Algunas soluciones adicionales para ayudar a responder si la insulina puede estar incidiendo en tu gestión de peso son:
- Comé los alimentos lo más naturales posibles, todas las veces que puedas (sin fanatismos, ni idealismos).
- Limitá el azúcar refinada y los alimentos con agregado de azúcar.
- Comé leguminosas y dos porciones de frutas crudas y con cáscara (no al mismo tiempo) al día.
- Cuidá la cantidad de pasta, papa, quinoa y arroz sin eliminarlos, pero sin duplicar (almuerzo o cena y no en ambas)
- Estimulá la masa muscular con entrenamiento de resistencia para ayudar a que los músculos sigan siendo altamente sensibles a la insulina.
#4. Cuidá tu microbiota: población de bacterias intestinales
¿Sos una de esas personas que siente que solo con mirar la comida sube de peso? ¿Comparado con lo que comen otras personas vos comés como un pájarito? Es muy posible que las especies de bacterias en tu intestino grueso estén jugando un papel en esto; regular tu equilibrio intestinal es determinante para recuperar su función de segundo cerebro. Agregar probióticos a la rutina es el primer paso, evitar los alimentos que rompen la armonía también: alcohol, azúcares, grasas.
#5. Descansá, no es solamente cuánto dormís es cómo dormís y no es negociable.
Un descanso no reparador no es normal, ni deseable. Es indispensable optimizar la calidad de tu descanso para propiciar la toma de mejores decisiones al otro día. Las hormonas también pueden destruir esta área y reacomodarlas es el primer paso, así como propiciar el descanso con herramientas de meditación, respiración, cuidado de pantallas, y eventualmente suplementos nutricionales.
#6. Gestiona tu estrés
Con la herramienta que quieras, puedas y sientas que es para vos en esta etapa, gestioná tu estrés. Aquietar la mente, cuidar el cuerpo y conocer los disparadores de tus emociones son parte de la estrategia de bienestar y salud, especialmente después de los 40 y durante la peri y posmenopausia.
La terapia (especialmente la cognitivo comportamental) está científicamente vinculada a la mejora de todos los síntomas de la transición hormonal.
#7. Rodeate de gente que aporte
¿Quién te escucha y acompaña? ¿Quién se alegra con tus logros, quién se alinea con tus valores, ideas, principios y hasta propósitos? El tiempo que no usamos en trabajo y otras obligaciones tiene que valer la pena, y pasarlo con personas que sumen y eleven.

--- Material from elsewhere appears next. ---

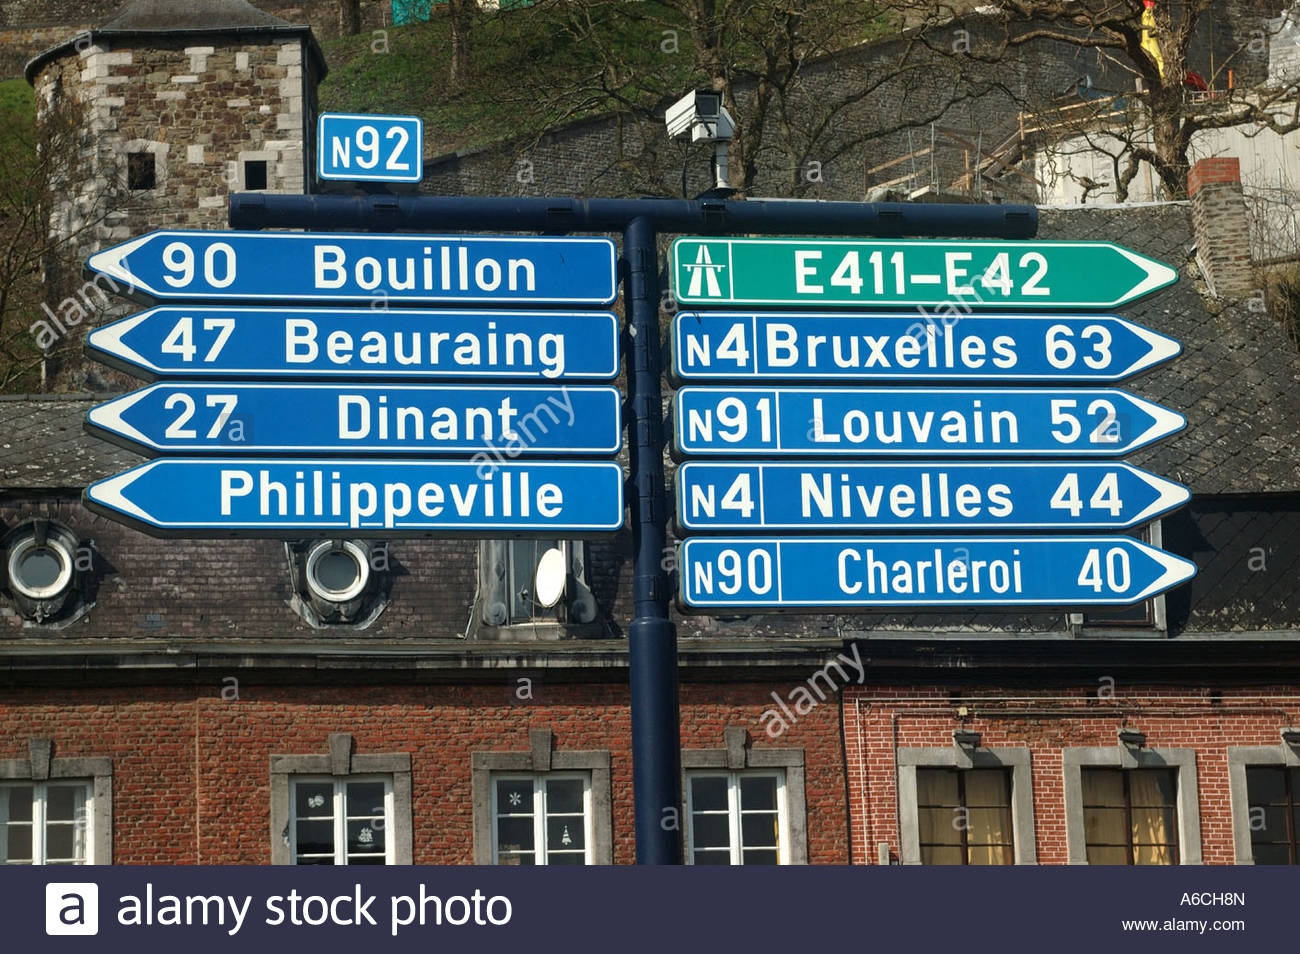 Namur Belgium  Road sign with distances. - Stock Image

#8. Sé tu prioridad todo lo que puedas
Tu propio cuerpo sabe lo que es mejor, cuidar qué comemos es importante, pero cómo y por qué es clave. Entender las motivaciones, escucharnos, reestablecer parámetros que nos saquen las creencias arraigadas familiar o culturalmente es indispensable.
Entender que saludable no necesariamente es lo que precisamos en este momento o lo que alguna vez fue adecuado y suficiente deja de serlo. Pensar en un camino de 80/20 (80 % de lo que más nos gusta y 20 % de lo más amamos, aunque no siempre coincida con lo que mejor nos hace) también es clave.